The videos aren’t slick by design — they often show a member of the outreach team in the car or in their office speaking candidly about how confusing applying for financial aid can be, especially this year when the newly revised federal application encountered a bevy of problems that blocked many students from submitting their applications.

Videos with low production value, high emotional impact

That humility resonates well with audiences, the focus group participants.

A video shown to them earlier this year featured a mother who spoke only in Spanish and her son, who spoke in English, sitting in front of a wall decorated with a crucifix and family photos. The video purposely avoided the slick digital treatment common in advertisements and instead appeared more like a low-budget documentary.

At one point the student, Kenny Funes, said he never felt poor because his parents provided for him, but he was surprised to learn that he qualified for a lot of financial aid because his family’s income was sufficiently low.

Another video was in Spanish and featured an undocumented student who applied for state aid. This and other videos were unscripted and edited down from about 75 minutes to under 3 minutes.

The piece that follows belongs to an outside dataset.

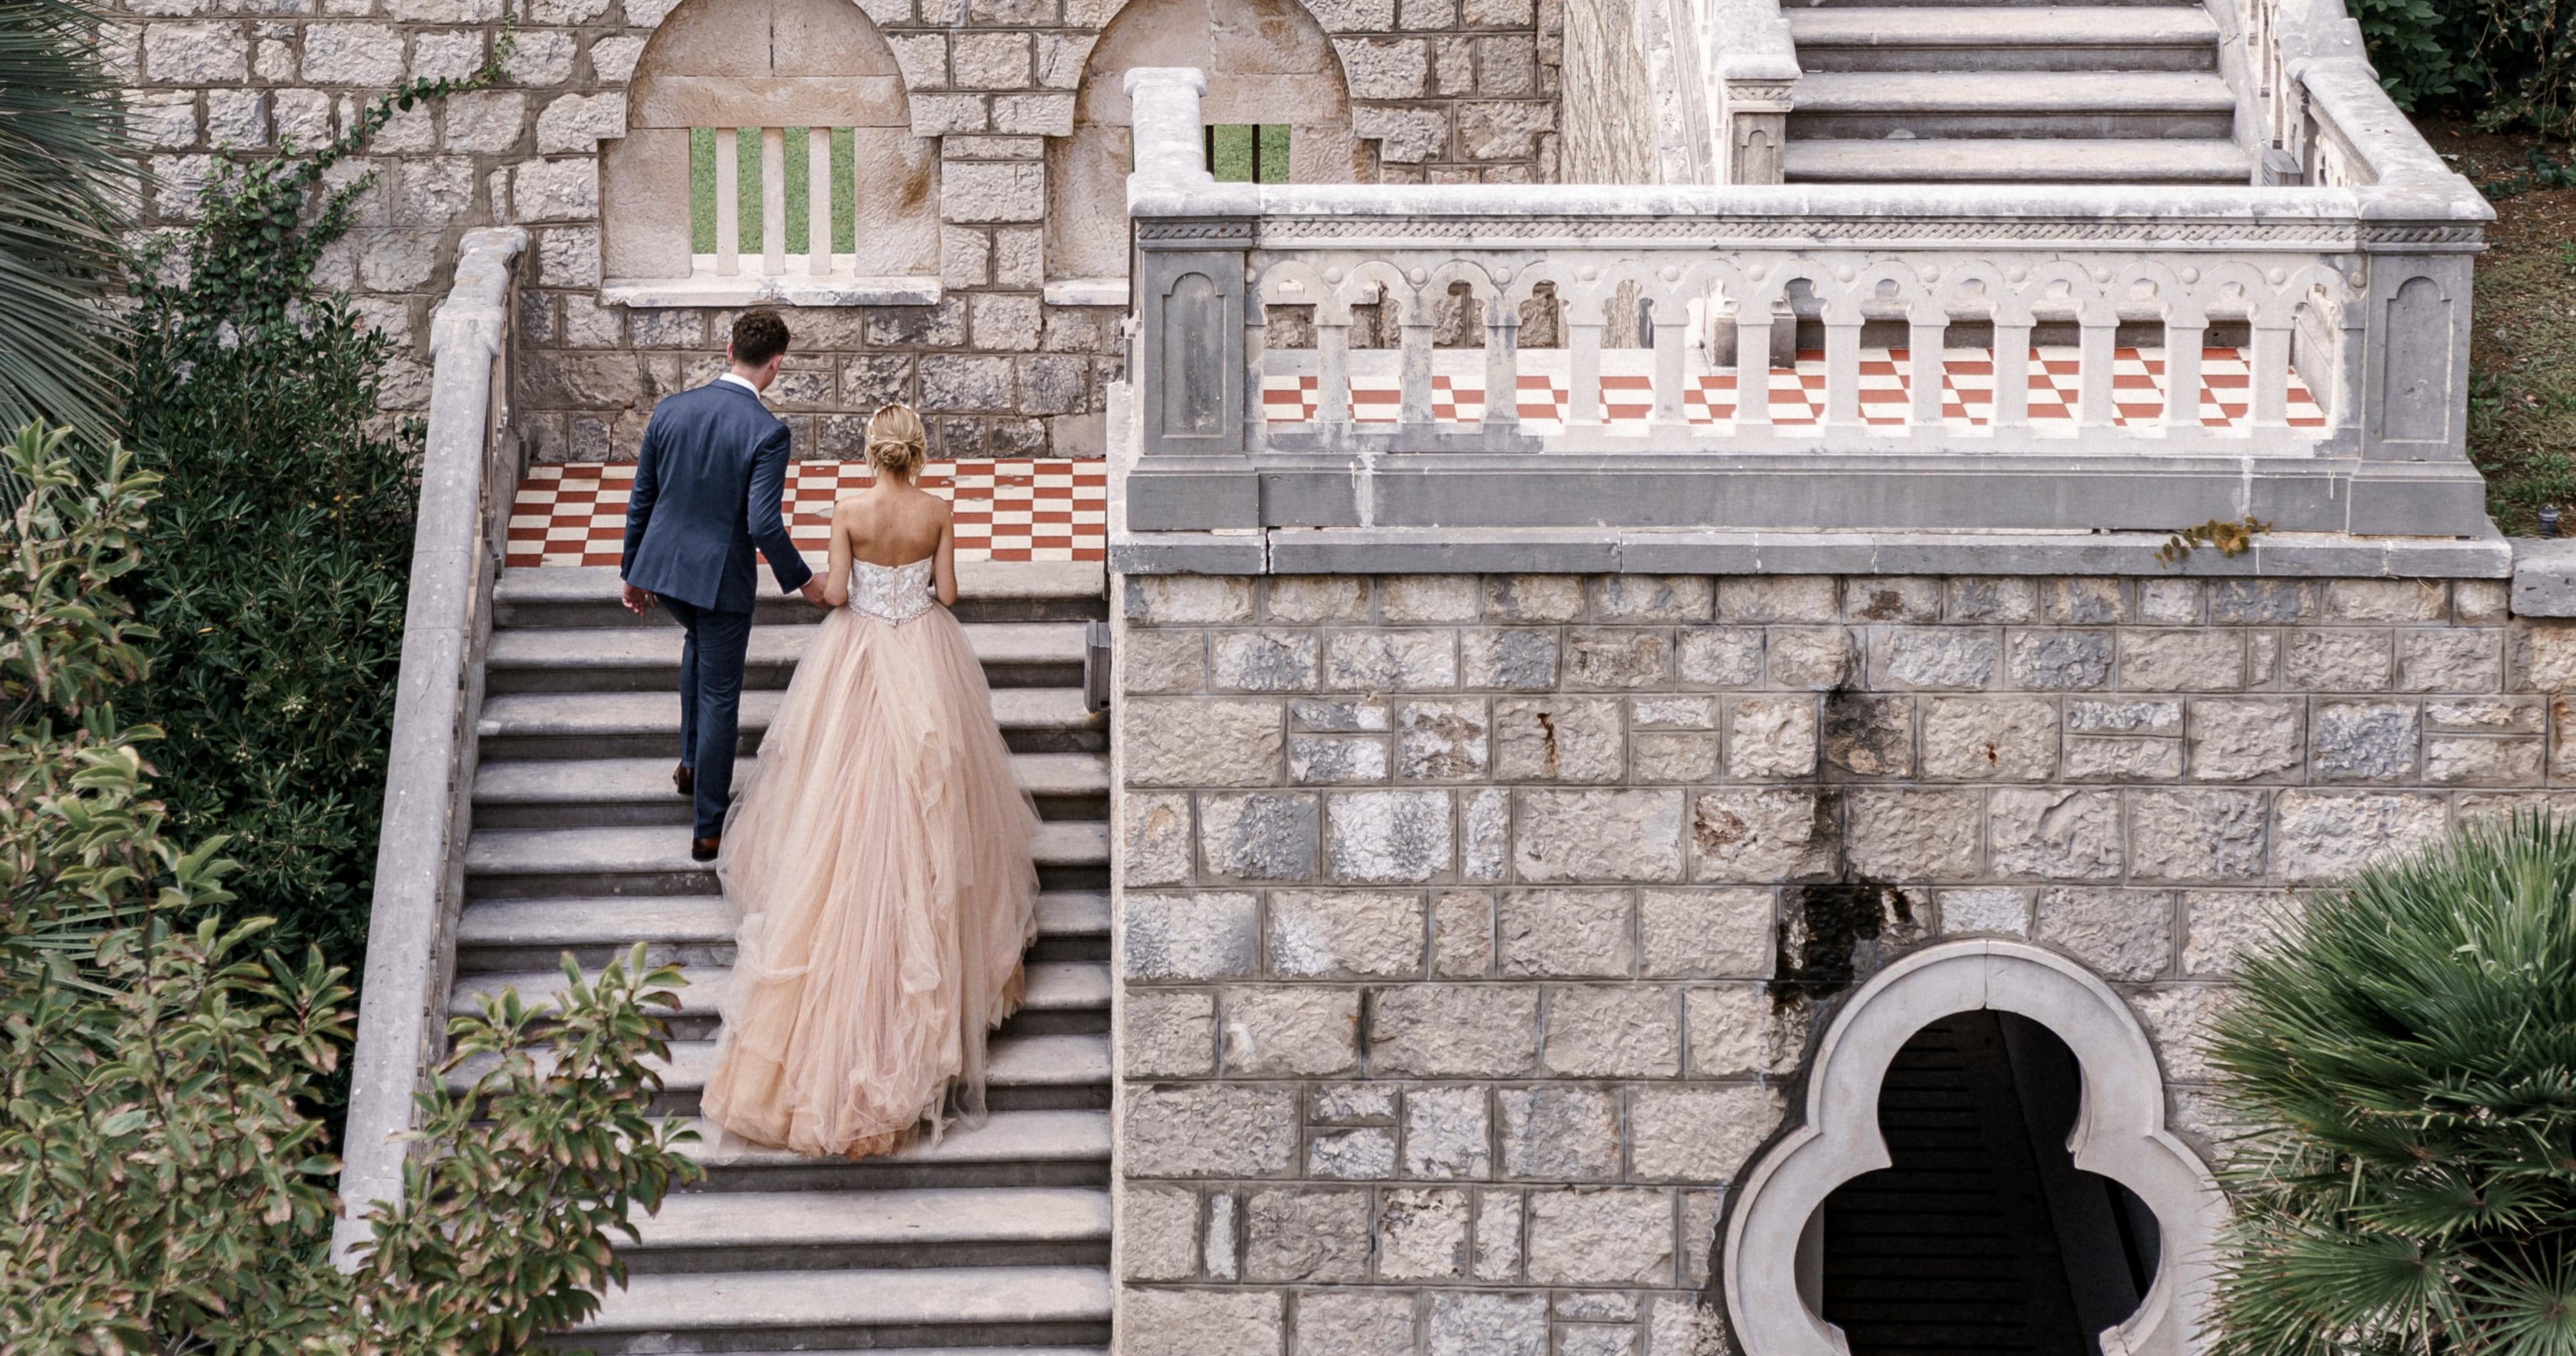 Свадьба-квест по мотивам сериала «Игра престолов»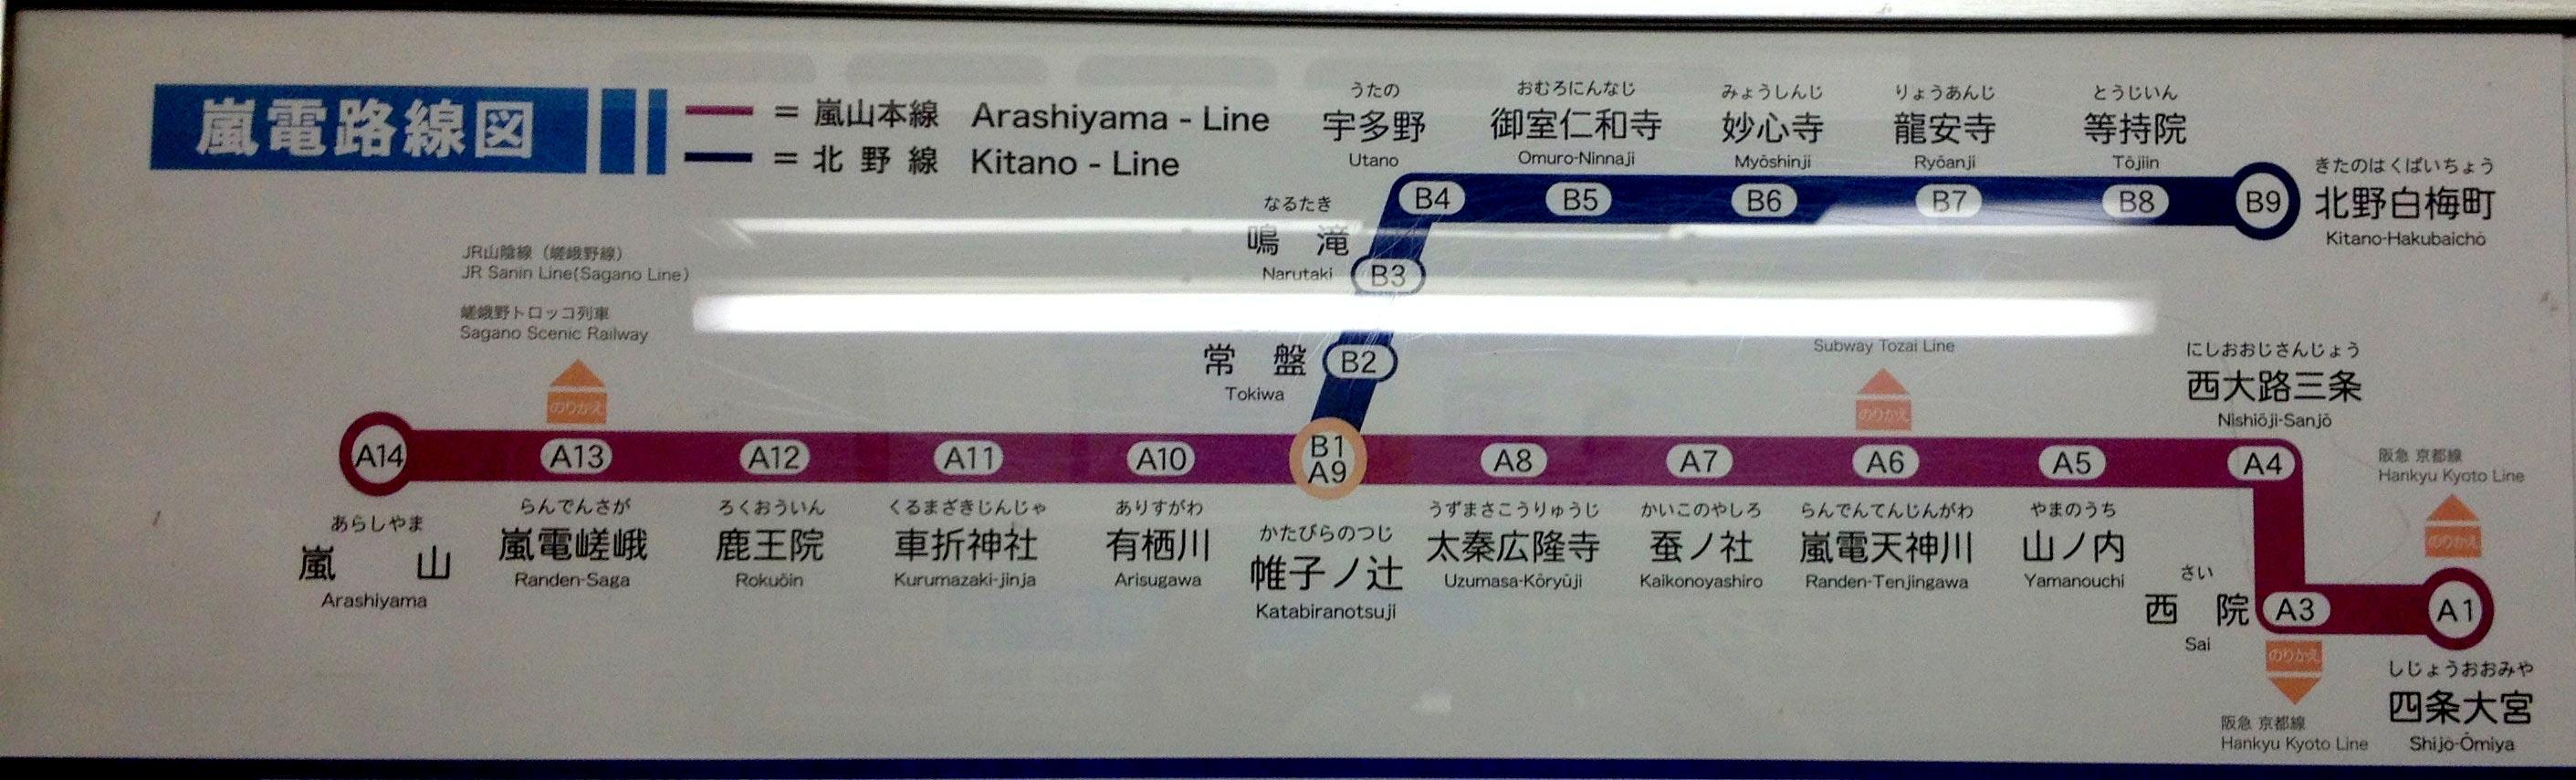 tren-arashiyama

In a final video, a college student spoke about dropping out of high school and then feeling inspired to resume his education. As he’s speaking, the focus group participants respond in real time to how the video content makes them feel. Initially, the mood among the participants drops as the student describes the dead-end jobs he was working. Seconds later, the student recollects a phone call with his mom after she received distressing news from her doctor. That prompted him to return to college. The audience mood starts to climb, responding well to the narrative arc of temporary setback and eventual triumph.

The researchers said that had the videos just emphasized success, they wouldn’t connect as much with the audiences. “When we feel like we’re not alone, we feel like we can do it,” Pérez said. The sincerity prompts the audience to trust the student, which in turn encourages more people to complete the application, he added.

“I understand that frustration…not wanting to fill it out,” the student in the final video, Jesse Williams, said of completing the financial aid application. “Because it is a process.”

Pérez and some of the commissioners also agreed that reaching parents directly will compel more students to apply for aid.

“I feel like the one thing that keeps a lot of students from trying, especially first generation students, is that their parents don’t know where to even start,” said Keiry Saravia, a student commissioner.

“Parents are incredibly important messengers and really underutilized,” Pérez said.